Abdelrahman
Astronomers have made an intriguing discovery concerning the universe’s smallest and faintest galaxy type, known as Ultra-Diffuse Galaxies (UDGs).
A research team investigating these elusive galaxies has found that nearly half of the UDGs analyzed exhibit motions that contradict earlier theories regarding their formation and evolution. Specifically, the team observed an unanticipated rotational movement of stars within several of these dwarf galaxies.
The researchers obtained these insights while examining stellar motion in 30 UDGs situated in the Hydra galaxy cluster, which is located over 160 million light-years from Earth. These findings may significantly alter our understanding of how UDGs develop and change over time.
“The results we achieved were particularly rewarding,” stated Chiara Buttitta, a researcher from the National Institute for Astrophysics and co-author of a related paper. “Not only were we able to determine the stellar motions within these extraordinarily faint galaxies, but we also discovered something unexpected.”
The investigative team employed the “Looking into the faintest With MUSE” (LEWIS) observational program, which utilizes the MUSE integral field spectrograph located on the Very Large Telescope (VLT) in Chile—known as the most advanced facility for visible-light astronomy worldwide.

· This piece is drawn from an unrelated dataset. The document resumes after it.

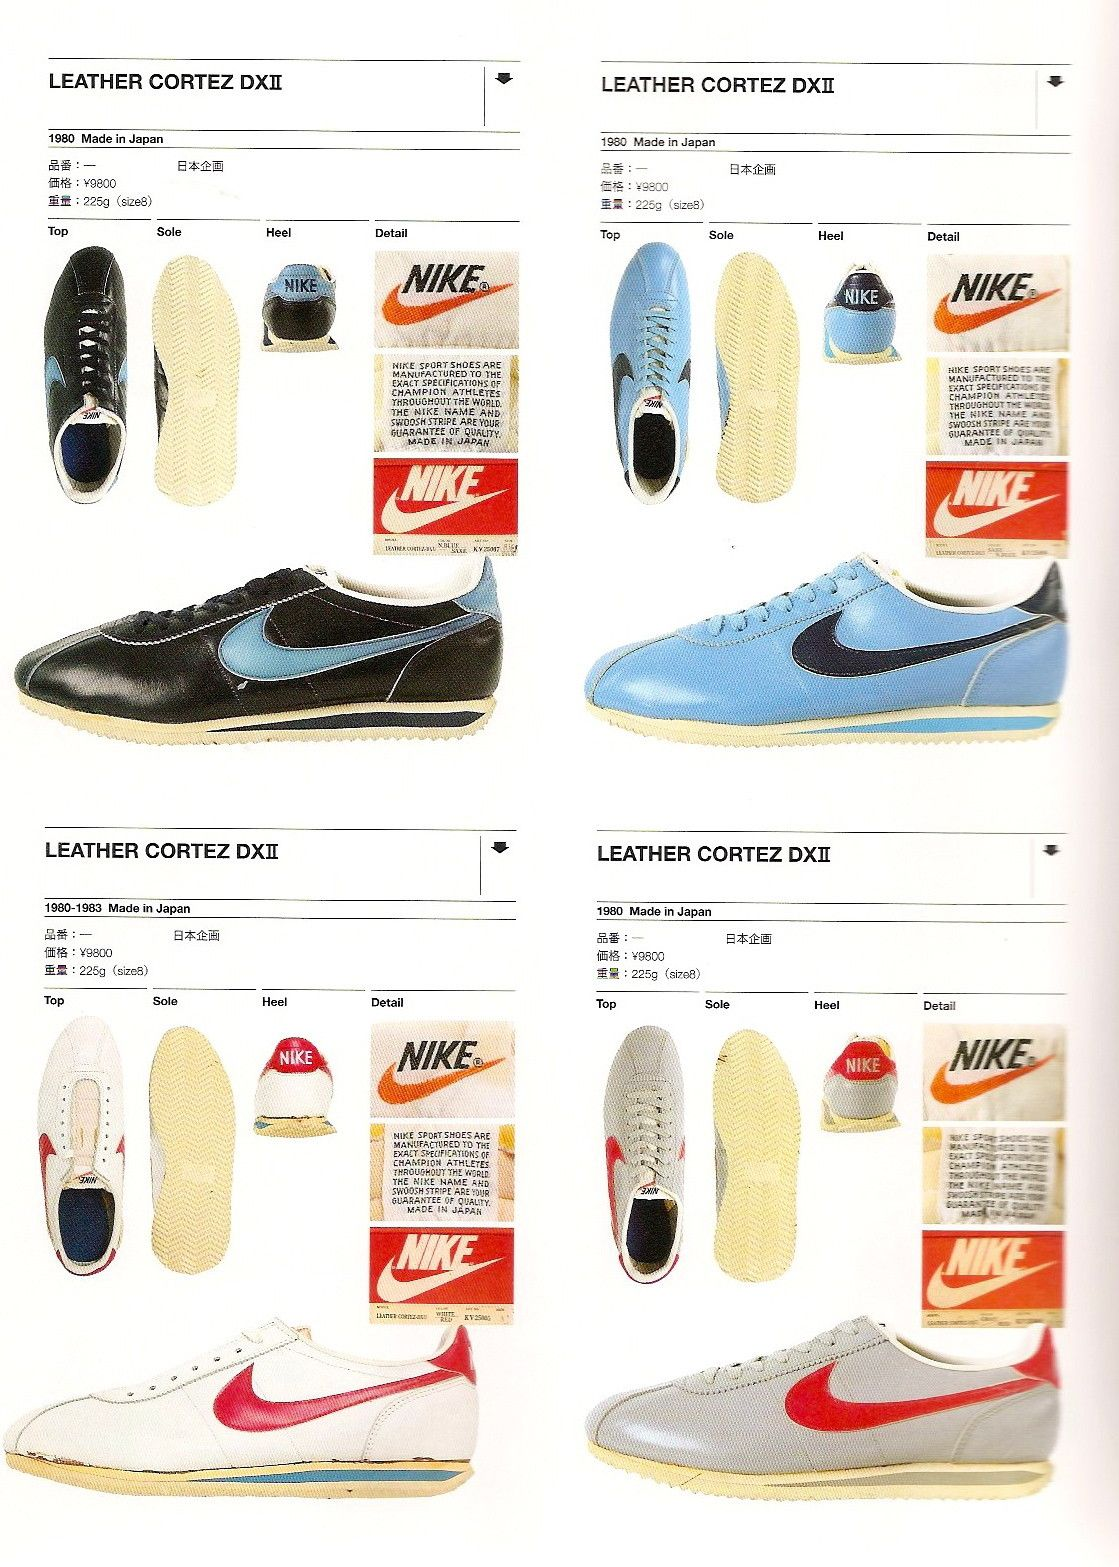 2bd327a0e0f6 Nike Leather Cortez DXII 1980   Running   Vintage Nike - Arkamix   Nike
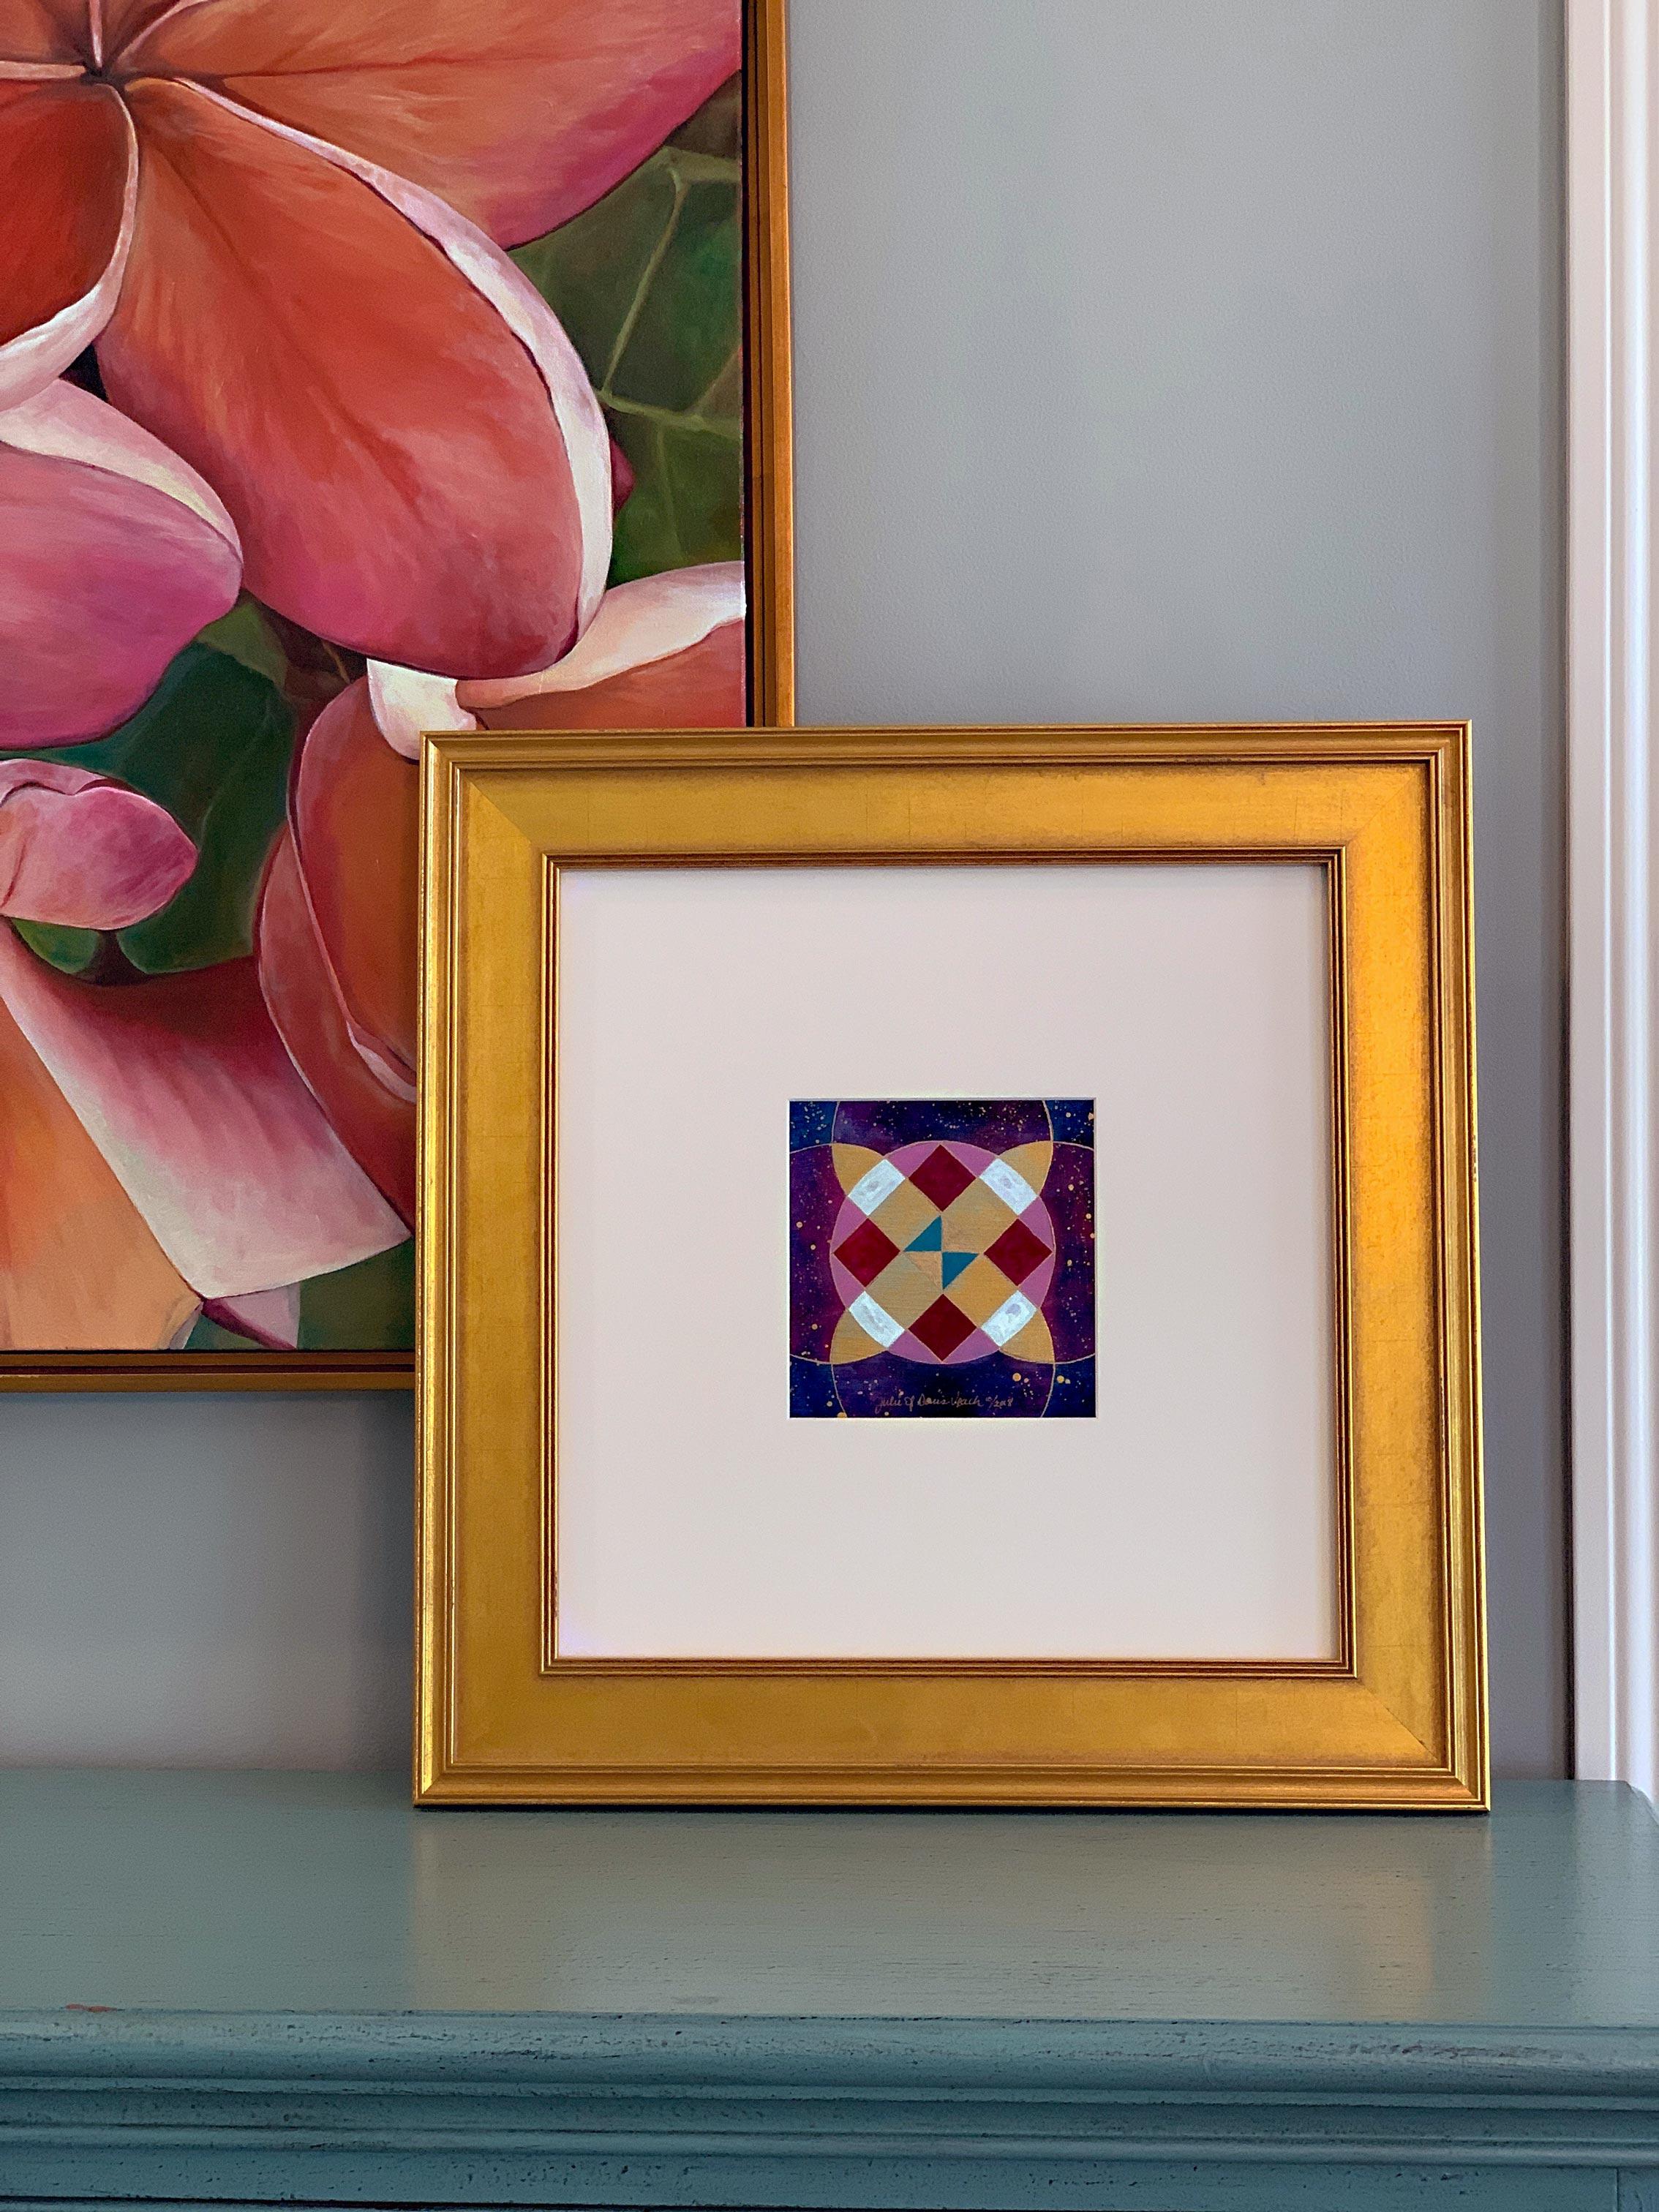 Julie Davis Veach  Beyond Balance 2018 6.5x6.5in. Acrylic on Paper (framed)

The Origins of Ultra-Diffuse Galaxies
Ultra-Diffuse Galaxies were first identified in 2015, and their unusual formation and evolution have posed complex challenges for astronomers.
The findings from the LEWIS project enabled the research team to conclude that UDGs inhabit environments with significant variations in physical properties, the abundance of dark matter, and the characteristics of their stars, including their motions and compositions.
In particular, the scientists conducted an in-depth analysis of “UDG32,” a dwarf galaxy located at the end of a gas filament connected to the spiral galaxy “NGC 3314A.”
One prevailing theory about UDG formation posits that they arise when gas filaments from larger galaxies are drawn in by gravitational influences.
If gas clouds remain within these filaments, they may become too dense and collapse, therefore giving rise to stars that subsequently form the basis of a UDG.
The data gathered from the LEWIS project confirmed that UDG32’s connection to the filament tail of NGC3314A is not merely coincidental. There are underlying factors making UDG32 appear to be located at the end of NGC3314A’s tidal tail.
Moreover, UDG32 contains a higher concentration of elements heavier than hydrogen and helium—commonly referred to as “metals”—compared to other UDGs in the Hydra cluster.
These metals are created through nuclear fusion processes within stars and are dispersed into the universe when these stars reach the end of their life cycles, becoming the building blocks for future generations of stars.
This is particularly noteworthy because, although the stars in UDG32 are younger than those in other UDGs within the Hydra cluster, they contain a greater abundance of metals. This indicates that they formed from gas and dust enriched by older stars from nearby, suggesting that this UDG likely originated from its neighboring spiral galaxy.
The discoveries made by the research team serve as strong validation for the LEWIS initiative, which has effectively doubled the number of UDGs analyzed through spectroscopy. Furthermore, LEWIS has provided the first comprehensive overview of these faint galaxies within a still-forming galaxy cluster.
“The LEWIS project posed significant challenges. Upon its acceptance by ESO, we realized it would yield a trove of data for exploration, and it has indeed delivered,” remarked Enrichetta Iodice, the scientific director of LEWIS.
“The true strength of LEWIS lies in its integral spectroscopy capabilities, which allow us to simultaneously examine each galaxy’s stellar motion as well as its average stellar population,” Iodice explained, “enabling us to gain insight into the formation age and characteristics of globular clusters, crucial indicators of dark matter presence.
By piecing together these individual findings like a puzzle, we can reconstruct the formation history of these systems.”
The research team’s work has been detailed in two publications featured in the journal Astronomy & Astrophysics.